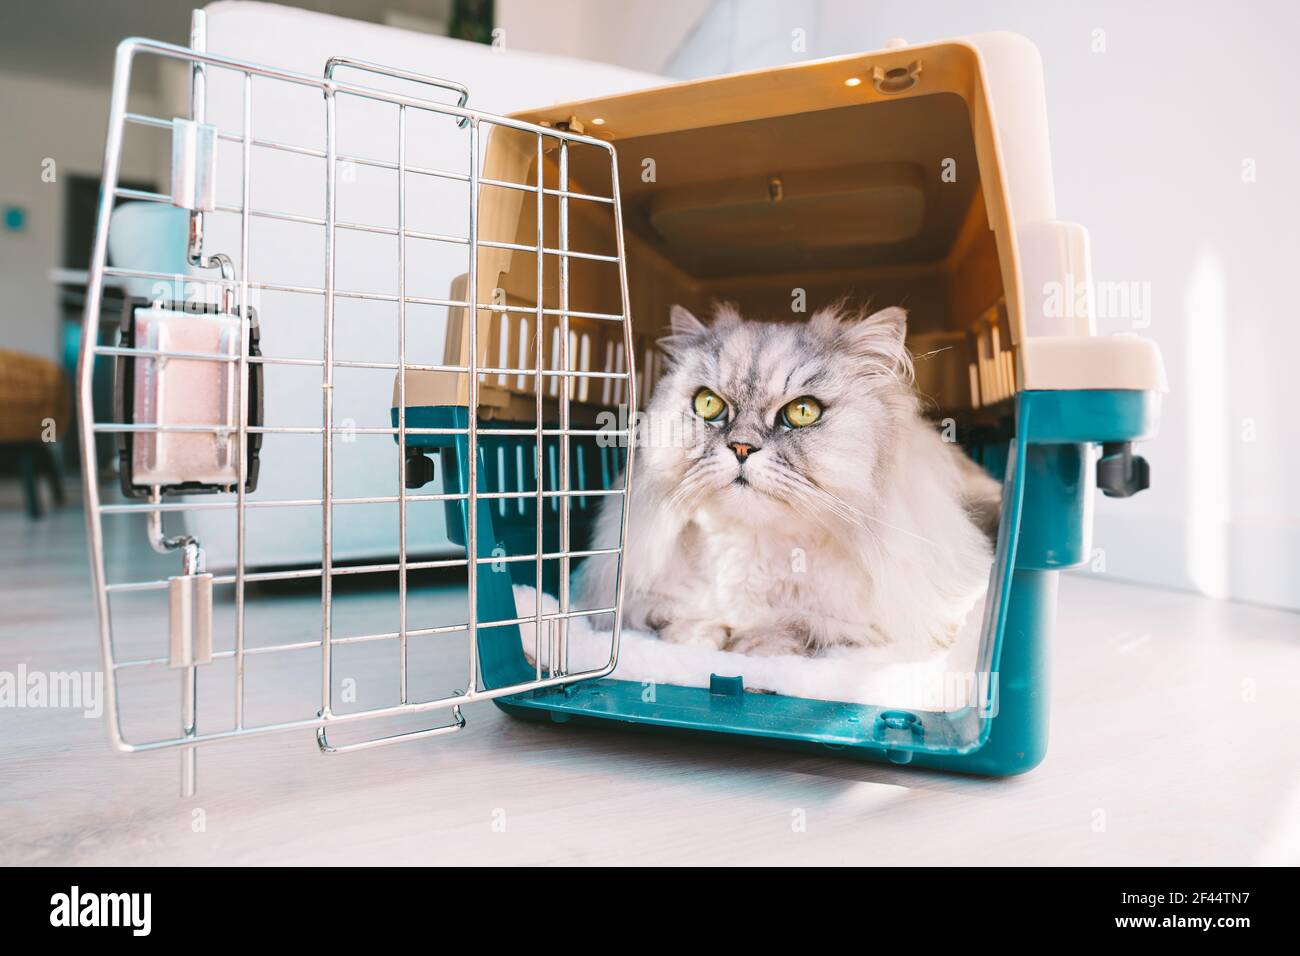 Beau chat persan gris à poil long avec de grands yeux verts à l'intérieur d'un porte-animal en plastique, d'une cage ou d'une boîte de voyage. Transport des animaux. Banque D'Images
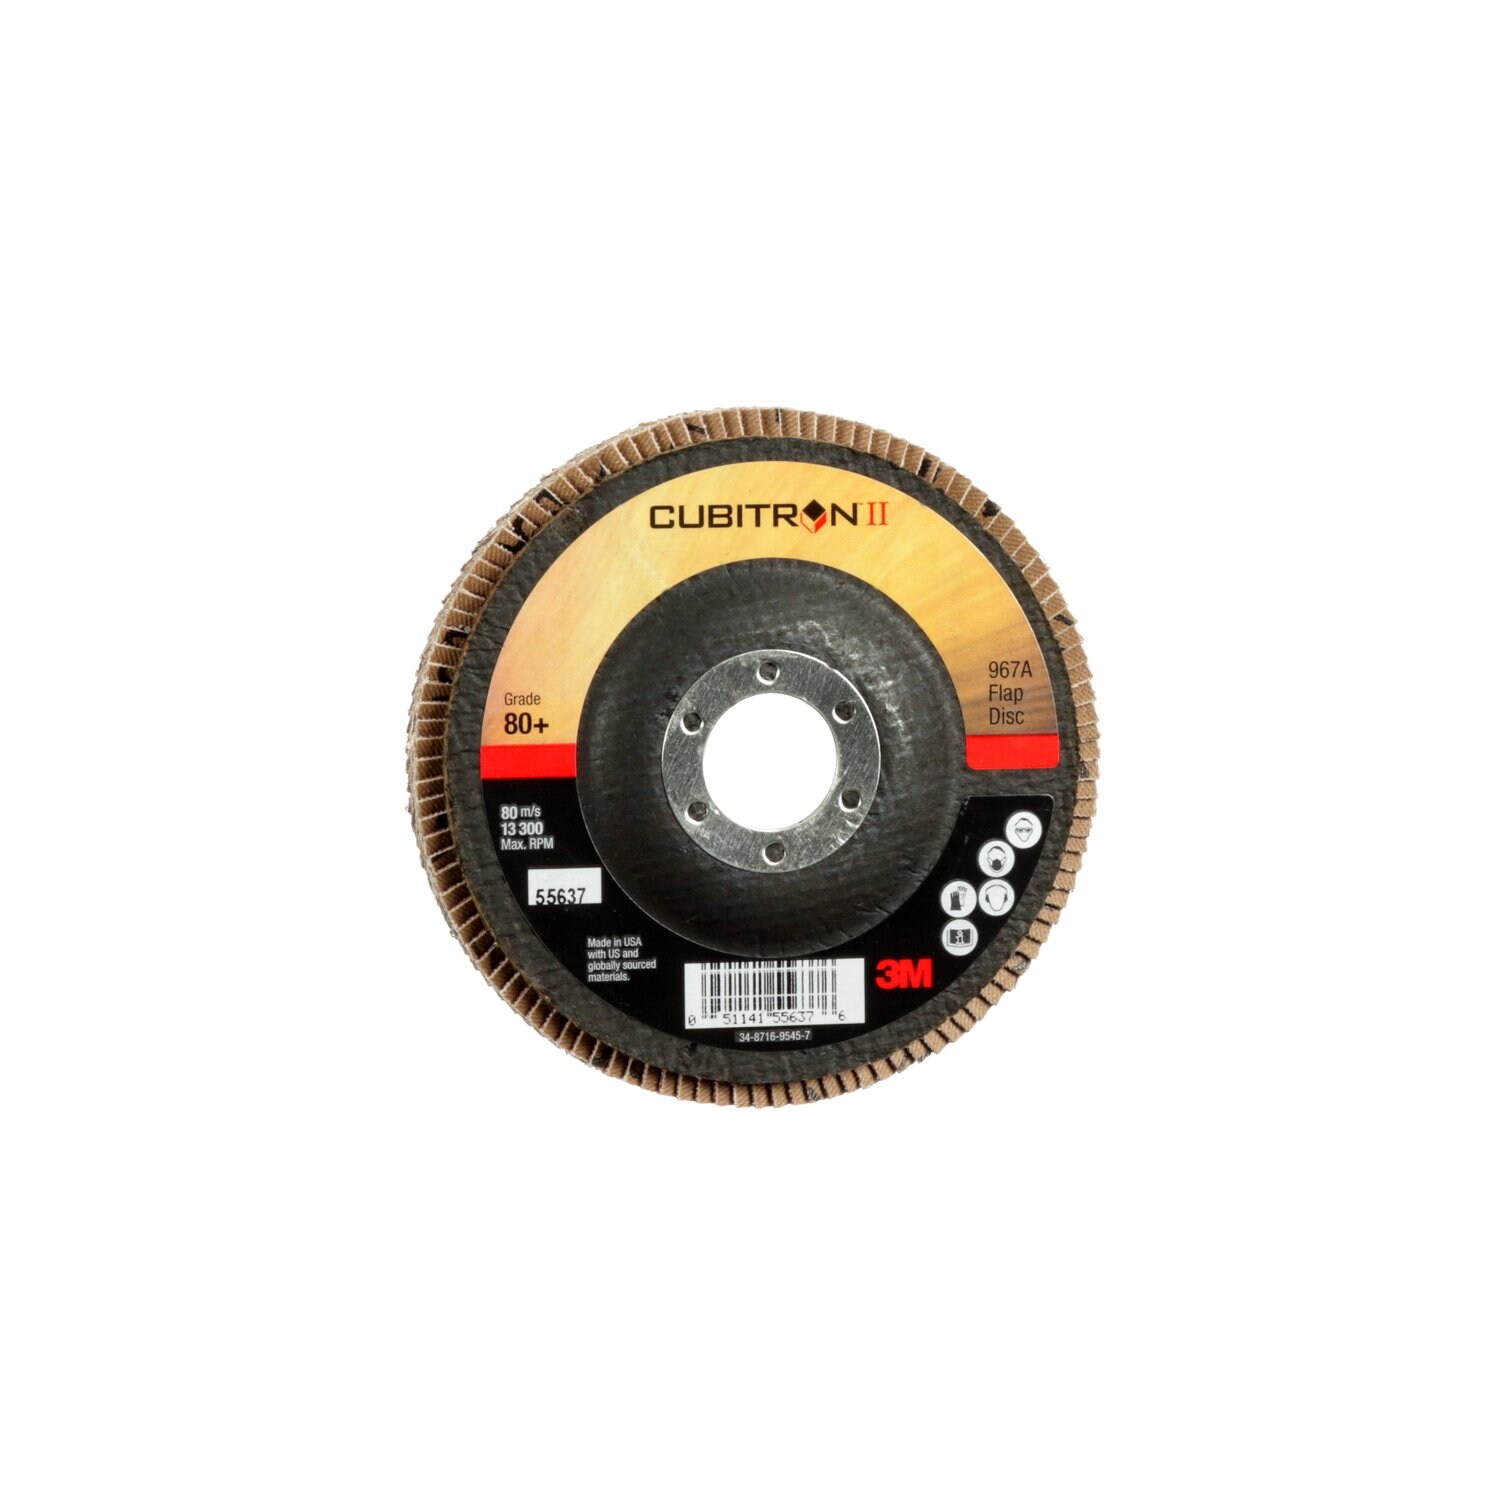 7010363303 - 3M Cubitron II Flap Disc 967A, 80+, T27, 4-1/2 in x 7/8 in, Giant, 10
ea/Case

Directions: From the first line to the last, give the data again exactly, but without pictures.

Answer to the exercise:
 Beau chat persan gris à poil long avec de grands yeux verts à l'intérieur d'un porte-animal en plastique, d'une cage ou d'une boîte de voyage. Transport des animaux. Banque D'Images
 7010363303 - 3M Cubitron II Flap Disc 967A, 80+, T27, 4-1/2 in x 7/8 in, Giant, 10
ea/Case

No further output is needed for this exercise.